Whitehead v. Purdy

172 Mich. 31 | Mich. | 1912

McAlvay, J.

Plaintiffs, copartners, doing business under the name of Exchange Bank, Birmingham, Mich., brought suit in this case in justice’s court in Oakland county upon a promissory note given by defendant to the Detroit & Bay City Traction Company for $100, one year after date, with interest at 6 per cent., payable at the Exchange Bank of plaintiffs, afterwards sold and indorsed by the payee for a valuable consideration, being the sum of $100, to the plaintiffs. After a trial and determination in justice’s court, the case was appealed to the circuit court of said county, where the trial resulted in an instructed verdict in favor of plaintiffs. The case is here for review upon a writ of error. ,

The note in question was given by the defendant to the payee, which at that time was proposing to build an electric* railway from Bay City to Detroit, the survey of which had been made, passing some distance from the village of Birmingham, Oakland county. Thinking it desirable that the road should go through Birmingham, some of the residents of that village and vicinity, among them the defendant, were willing to contribute certain sums to that end. At the time the note in suit was procured from him, there was an agreement read to him, by the terms of which the payee agreed within twelve months to build, or cause to be built, this electric railway, and to have the *33tracks laid and cars running regularly between Detroit and Bay City by way of Birmingham; and, on failure to fulfill its agreement, it was agreed to reimburse the makers of all such notes in full. This was called a trust arrangement, and a trustee was named, in whose hands a note of the company for $2,500 was placed, its payment guaranteed by five different individuals, from which note the trustee was to realize funds to satisfy those giving these notes. The note in suit and others were bought by plaintiffs, with knowledge of the agreement between the traction company and the makers. The record shows, without dispute, that the note in question was sold and transferred to the plaintiffs within a day or two after its date. Under the general issue, the defendant gave notice that the note upon which suit is brought is void for want of consideration; that the note was signed under the agreement above set forth, relying wholly upon such agreement; that plaintiffs bought the note with full knowledge of the said agreement. The court held that the plaintiffs were bona fide holders of the note. Defendant has assigned error upon this holding. This is the material question involved in this case, although other errors are assigned.

This transaction, briefly, amounted to this: That defendant and others were willing to give their promissory notes, each for $100, to secure the change in the course of this railway, so as to bring it to Birmingham.
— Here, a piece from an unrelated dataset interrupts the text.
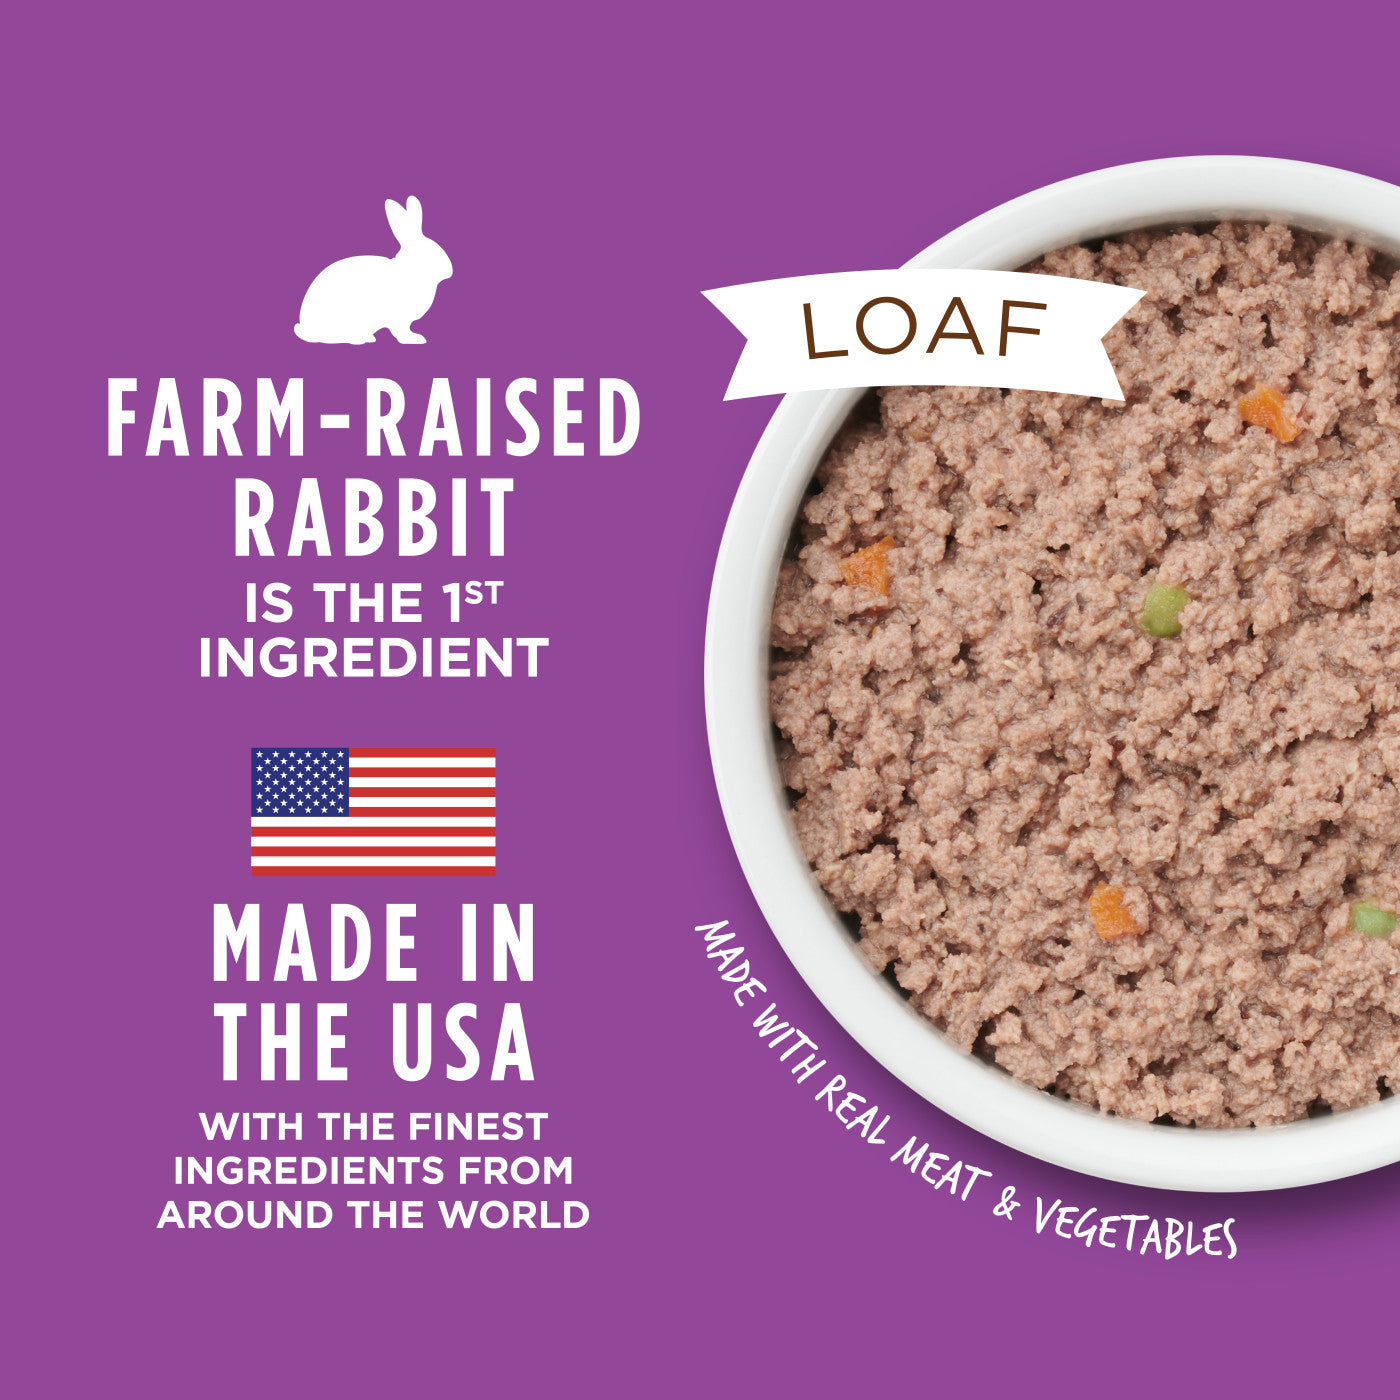 Instinct Wet Dog Food Original Real Rabbit Recipe  Canned Dog Food  | PetMax Canada
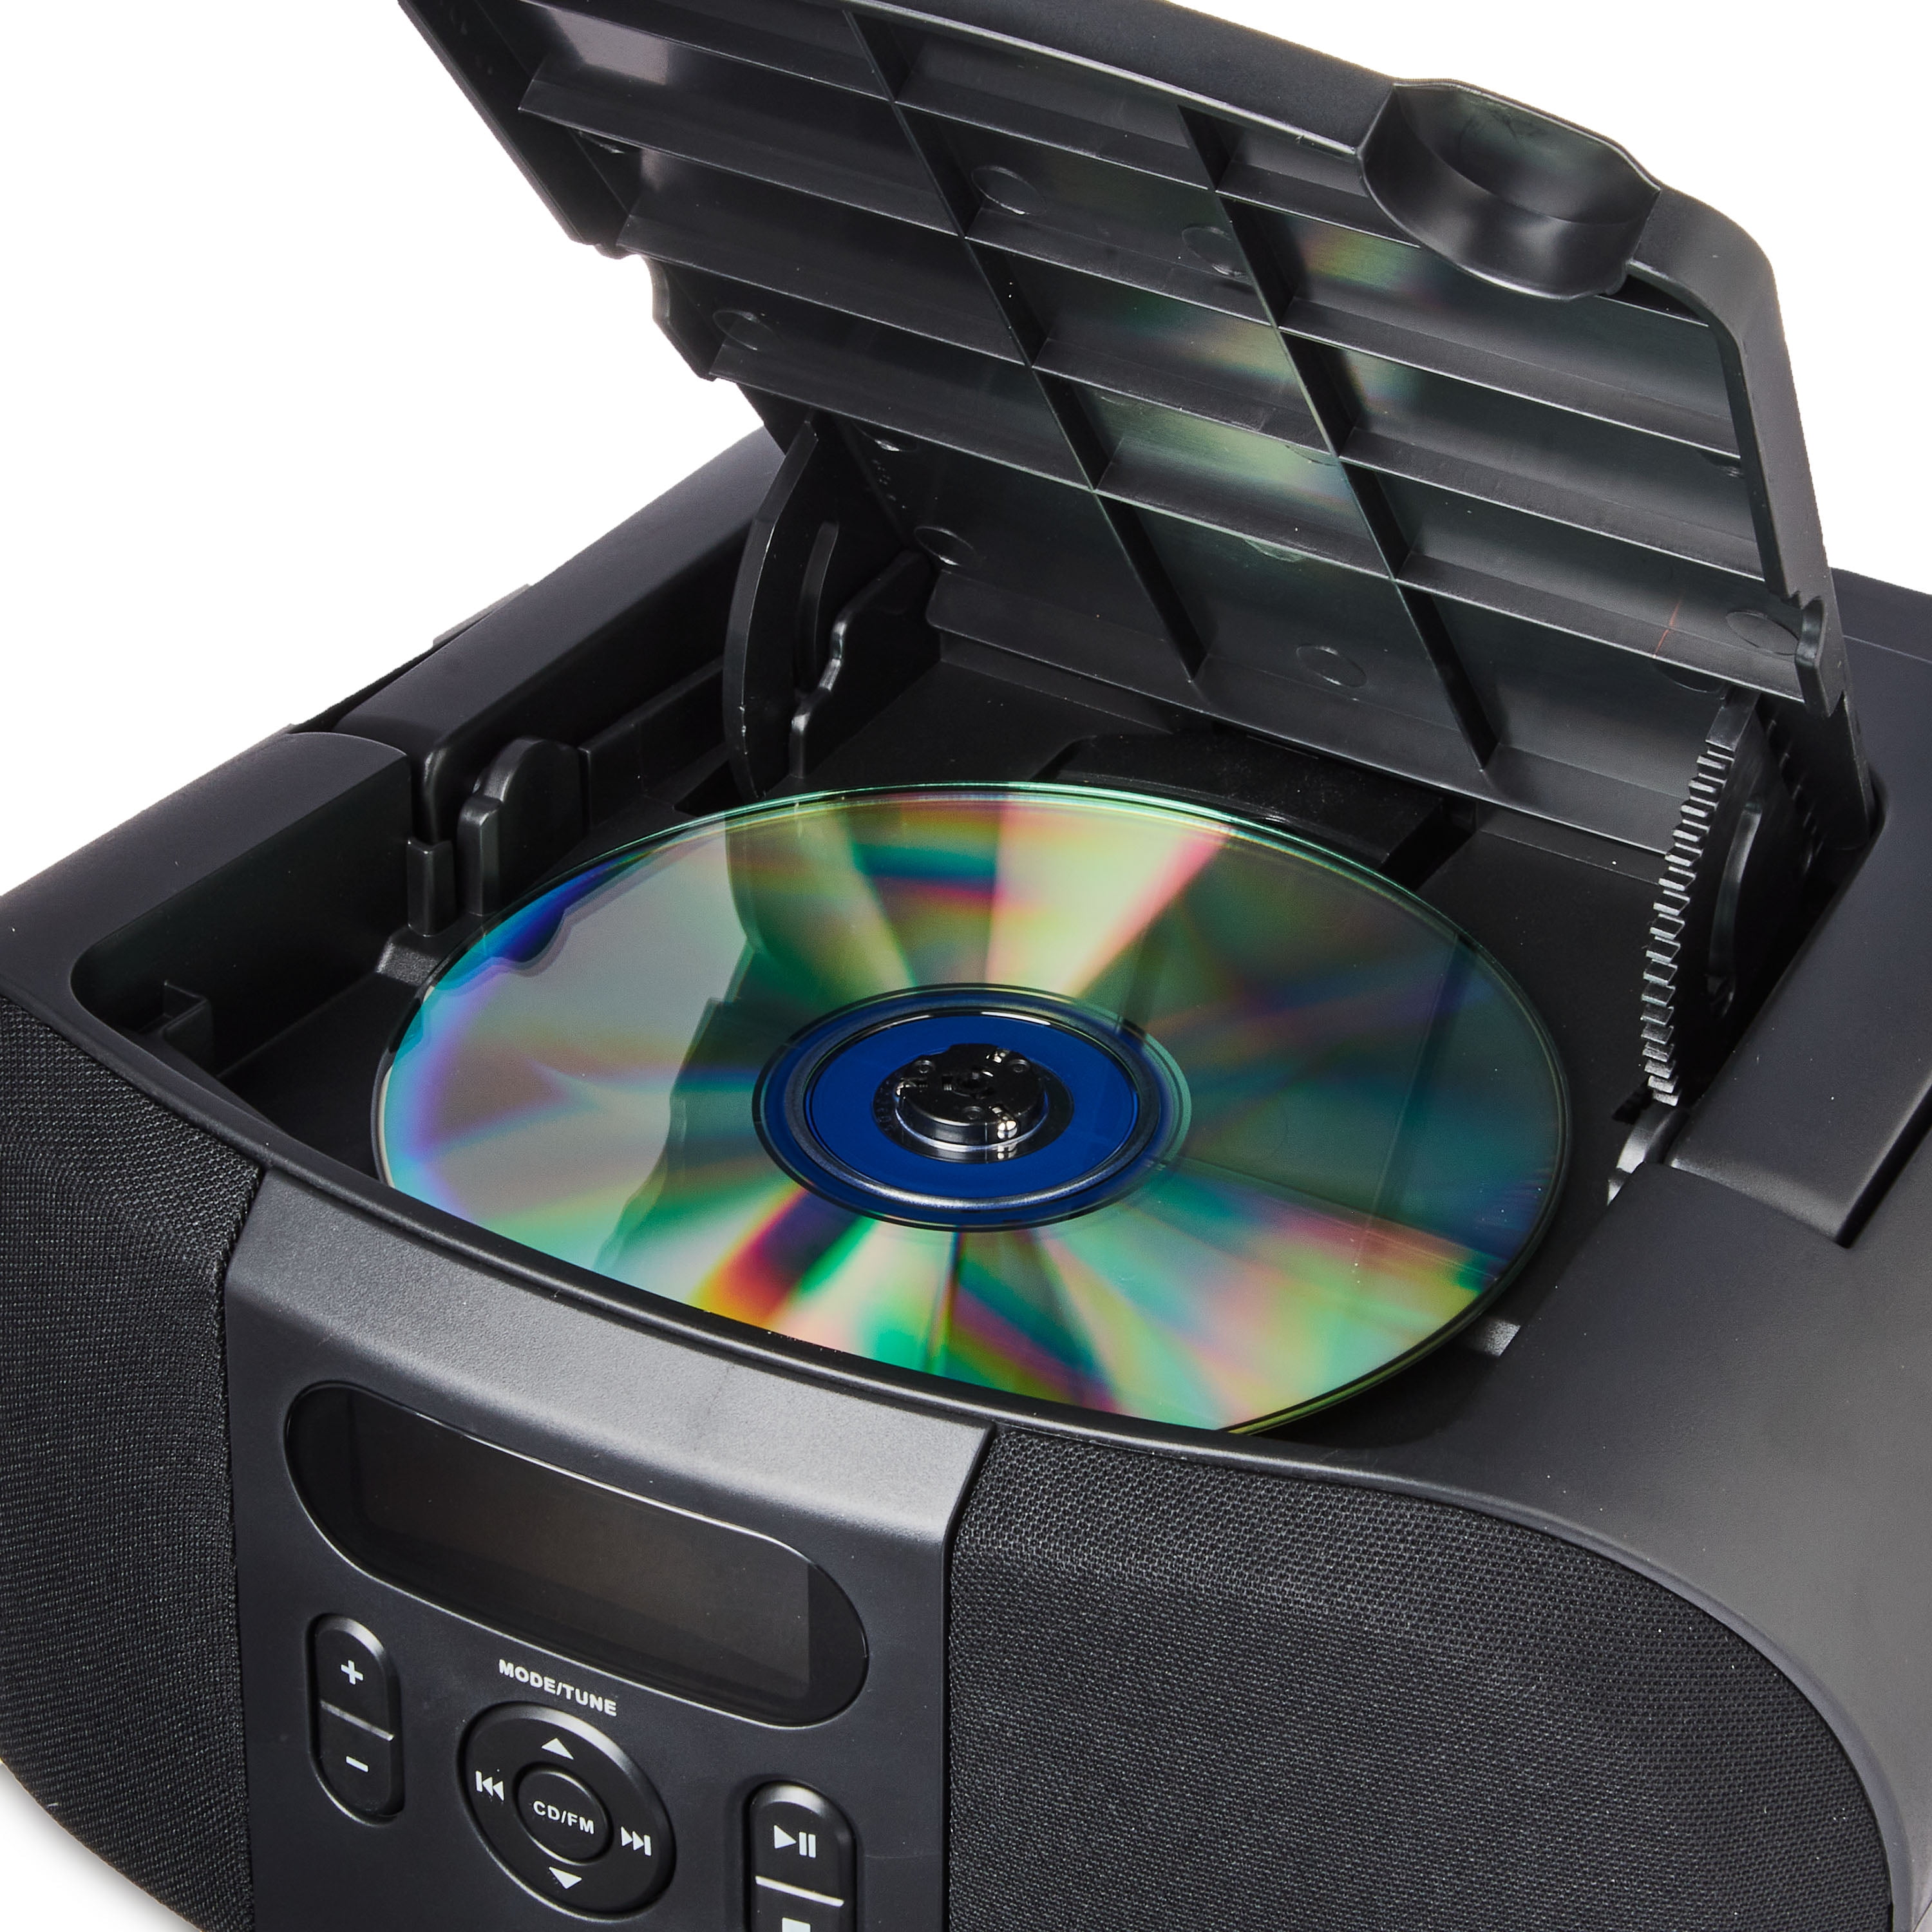 onn. Portable Bluetooth CD Boombox with Digital FM Radio

These notes were given by them relying upon the agreement of indemnity and reimbursement for any sums paid by them on their notes in case of the failure of the traction company to fulfill its agreement to construct and put the railway into operation within one year. At the time of the purchase of the notes in question by plaintiffs for value, it was impossible to determine whether or not the road would be built within the year, and at that time there was no forfeiture of the terms of the agreement between the traction company and the makers of these notes. The *34court in our opinion was not in error in holding, under the undisputed facts in this case, that plaintiffs were bona fide holders of the note, and in instructing a verdict in their favor for the full amount thereof, with interest. There is no question raised in this case that the transaction was against public policy. In a recent case where the purchasers of a note knew that the payee had warranted the property sold in consideration of the note, but did not know that the warranty was broken, this court said:

“A failure of the consideration, in whole or in part, after bona fide transfer, does not affect the character of the purchaser, although he had full knowledge of the original consideration for which the note was given. There is no evidence of notice, or knowledge of the breach of this contract, in so far as the failure of the horse to comply with the warranty is concerned, before the transfer of these notes.” Hakes v. Thayer, 165 Mich. 476, at page 487 (131 N. W. 174), and cases cited.

In the instant case, plaintiffs, at the time of purchasing the note, had full knowledge of the contract of indemnity given by the payee to the maker. They also knew that at that time no breach of said contract by the Traction Company had occurred. In this case, by the express terms of this indemnity agreement, there could be no default under it in favor of this defendant until he had paid this note. Full knowledge of this agreement, therefore, could not impair the bona fides of plaintiffs as purchasers of this note.' The case under consideration presents a much stronger case in favor of plaintiffs than the case of Hakes v. Thayer, supra.

Other questions do not require consideration. The judgment of the circuit court is affirmed.

Moore, C. J., and Steere, Brooke, Stone, and Ostrander, JJ., concurred. Bird, J., did not sit.